◆ TASK REQUIREMENTS ◆
When you transcribe the data below, reproduce every line exactly and leave each picture out.
══ DATA EXCERPT
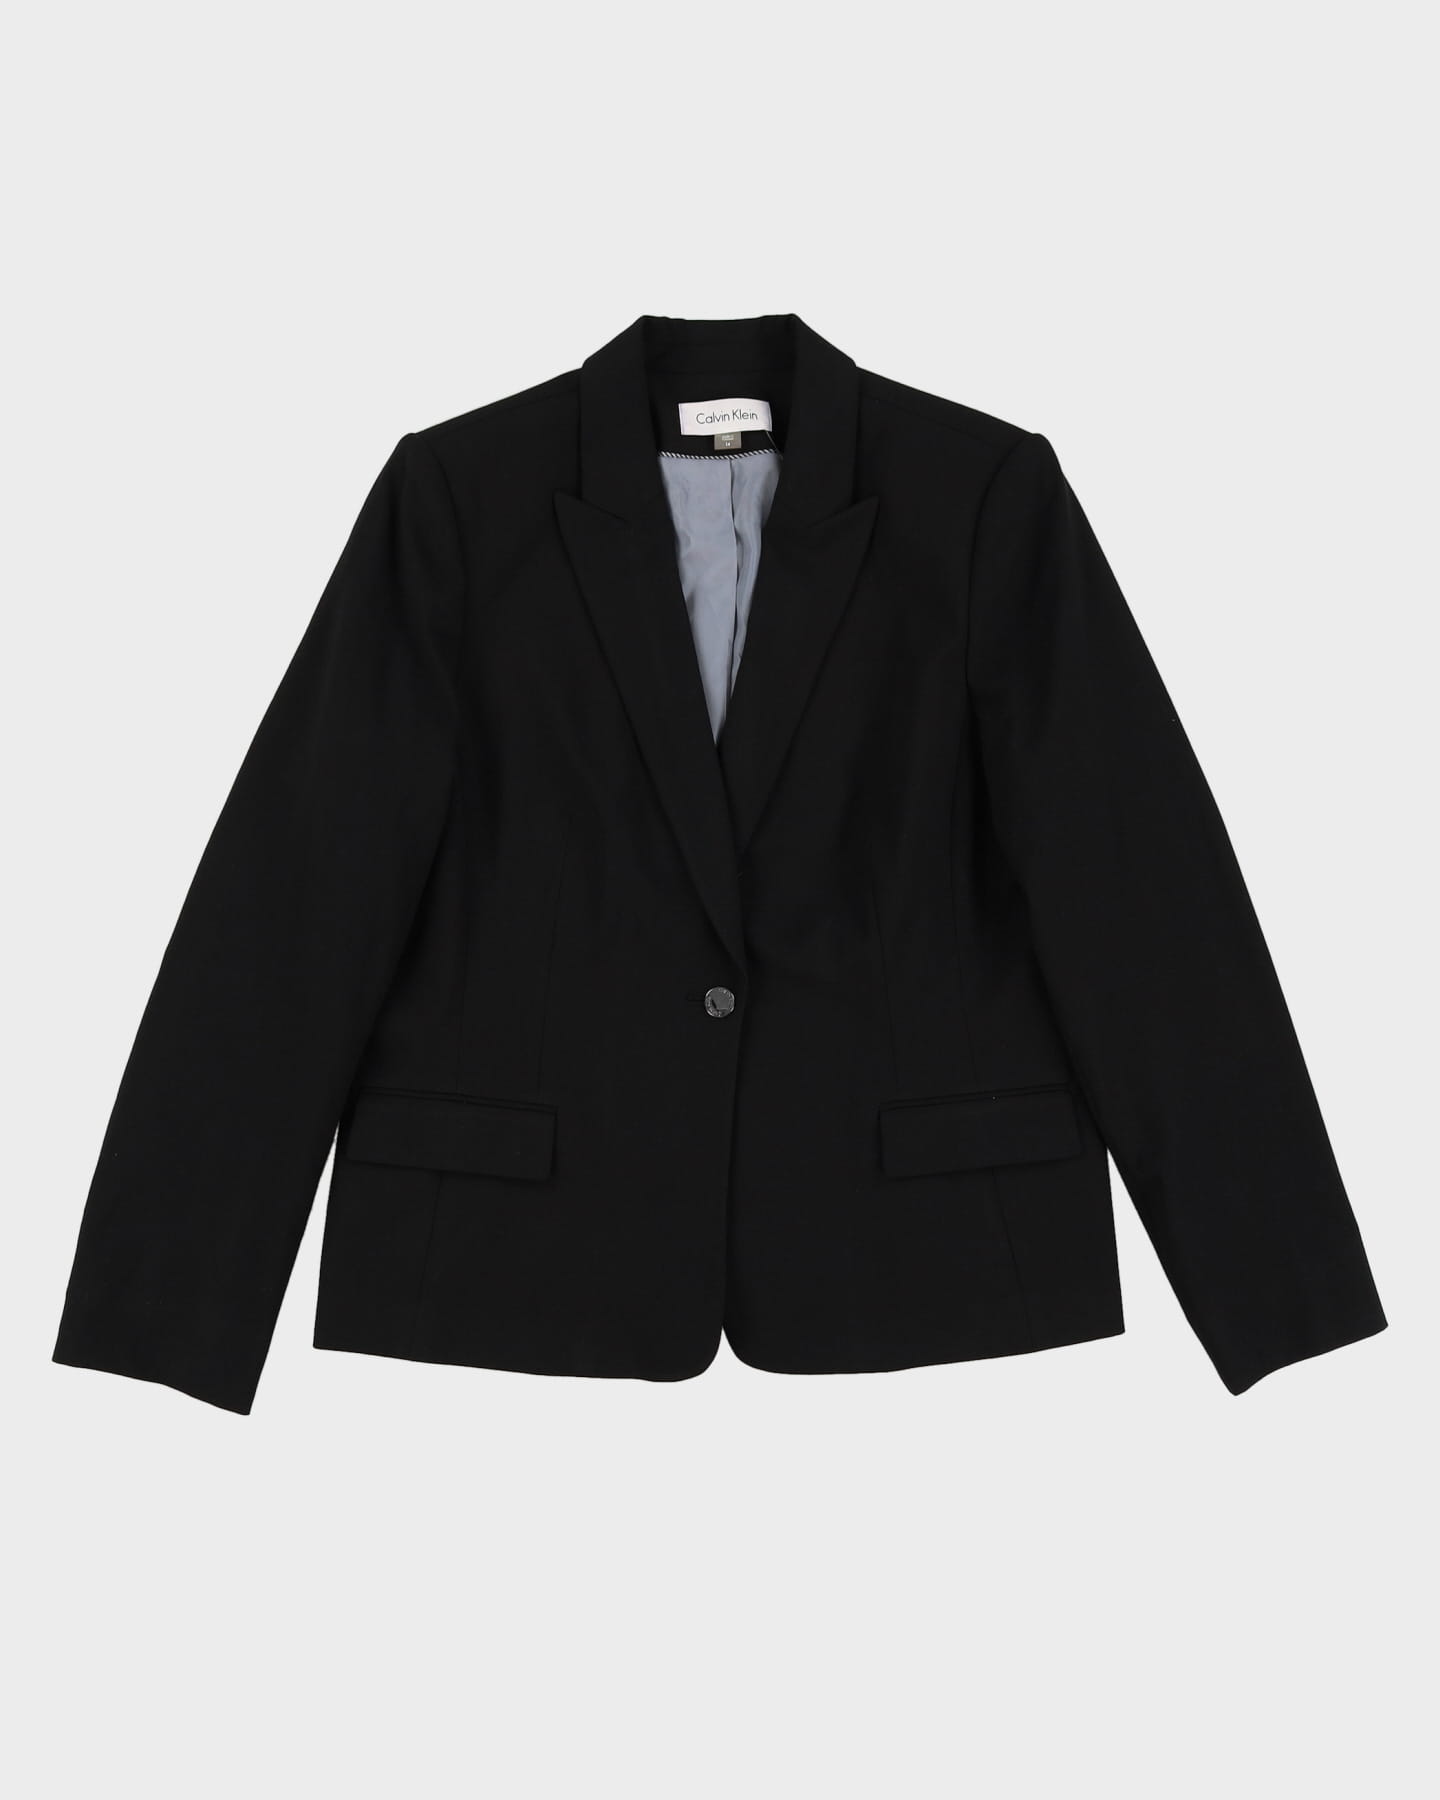 Calvin Klein Black Blazer Style Jacket - M
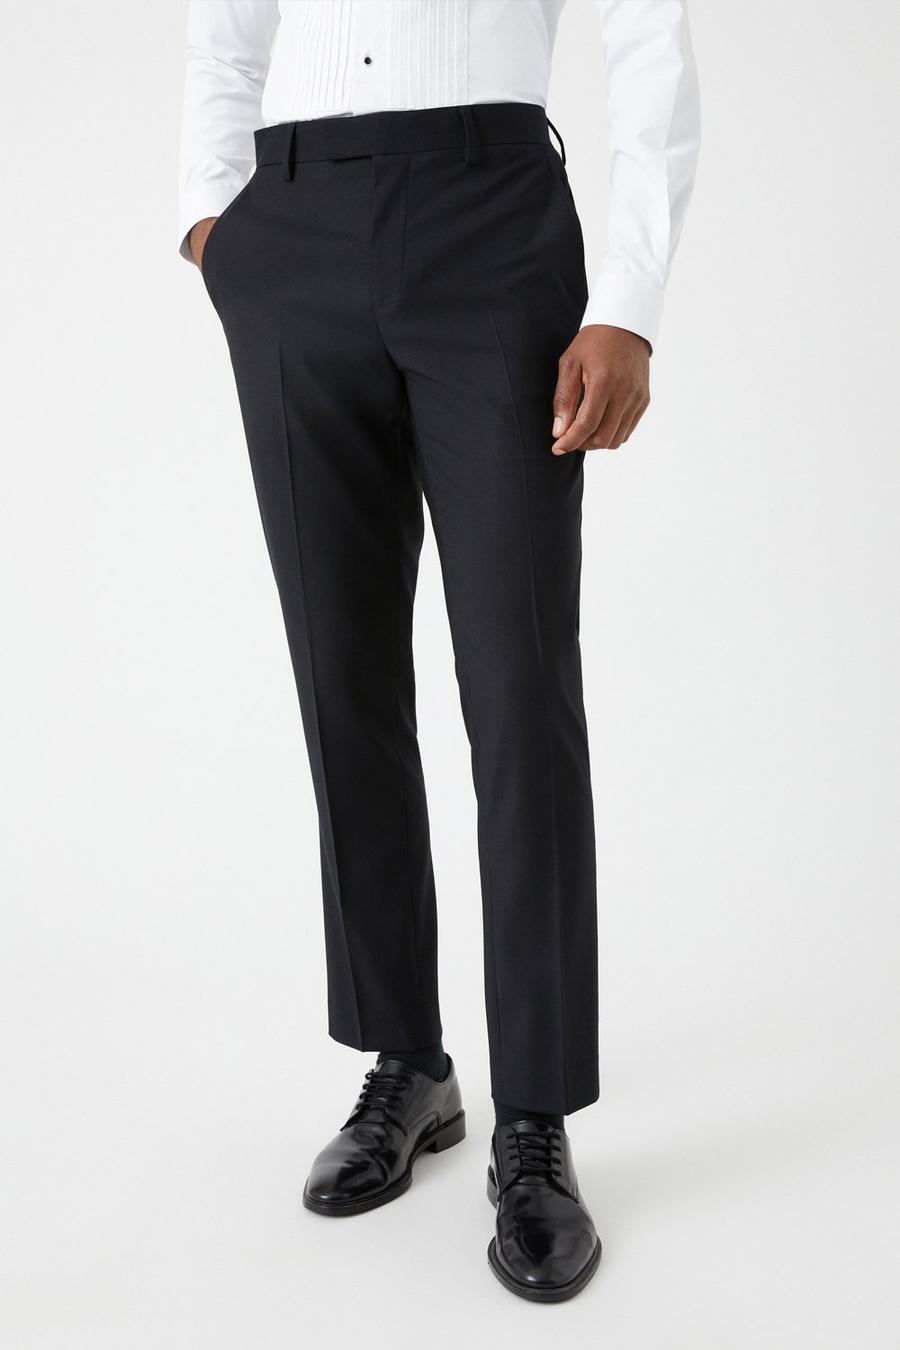 Slim Fit Black Tuxedo Three-Piece Suit
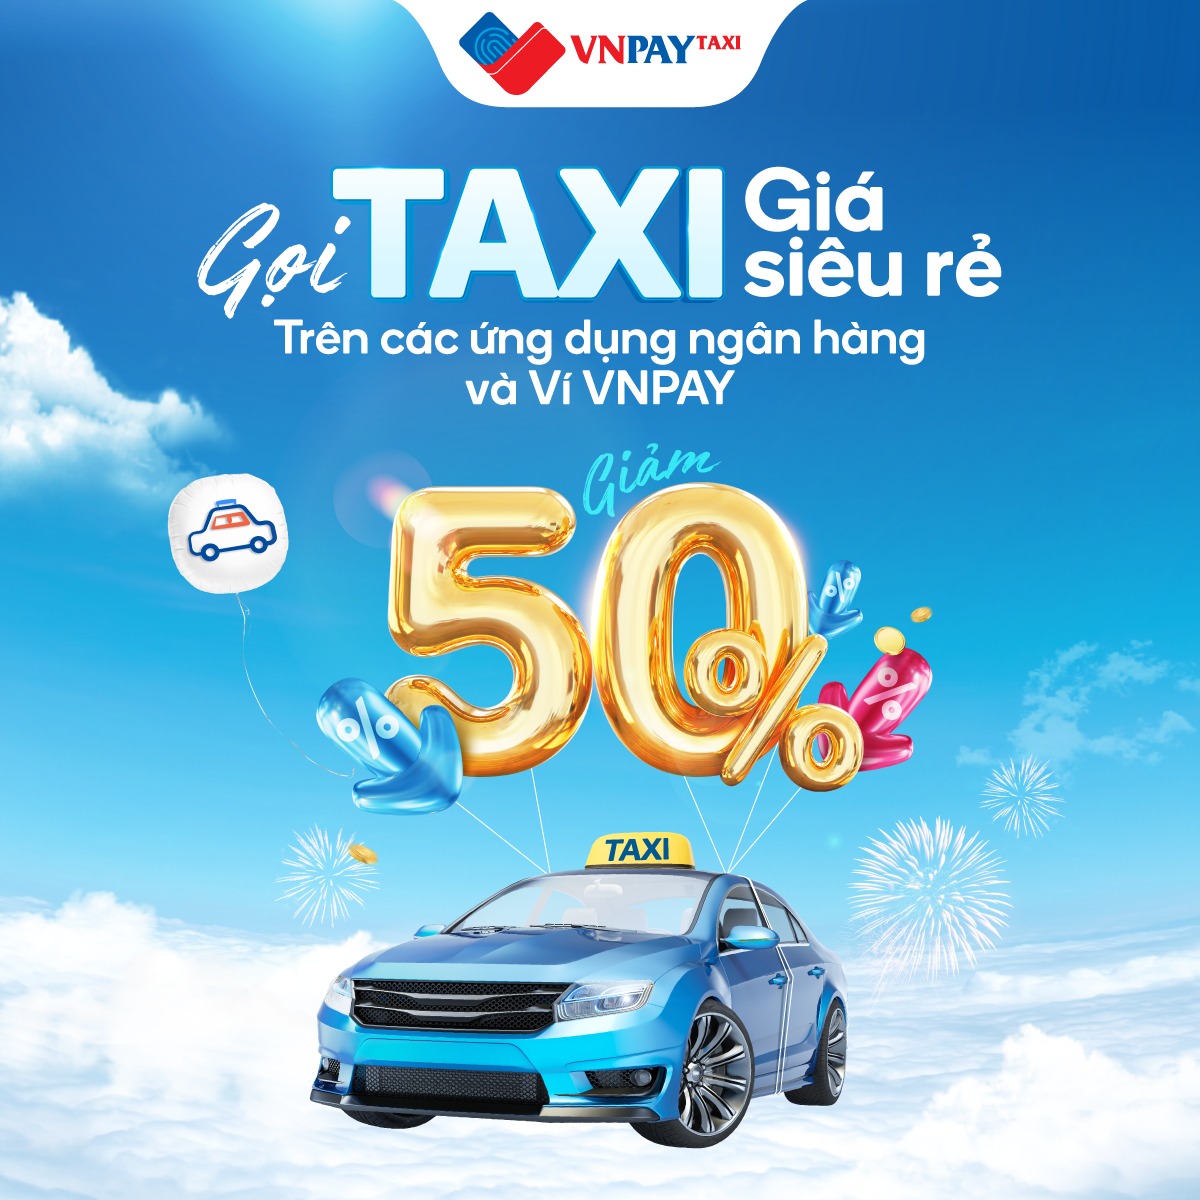 Tháng 11 này, tha hồ gọi VNPAY Taxi trên ứng dụng ngân hàng và ví VNPAY để hưởng ưu đãi tới 50%.
════
◆ SOLUTION TO THE PROBLEM ◆
 Calvin Klein Black Blazer Style Jacket - M
 Slim Fit Black Tuxedo Three-Piece Suit
 Tháng 11 này, tha hồ gọi VNPAY Taxi trên ứng dụng ngân hàng và ví VNPAY để hưởng ưu đãi tới 50%.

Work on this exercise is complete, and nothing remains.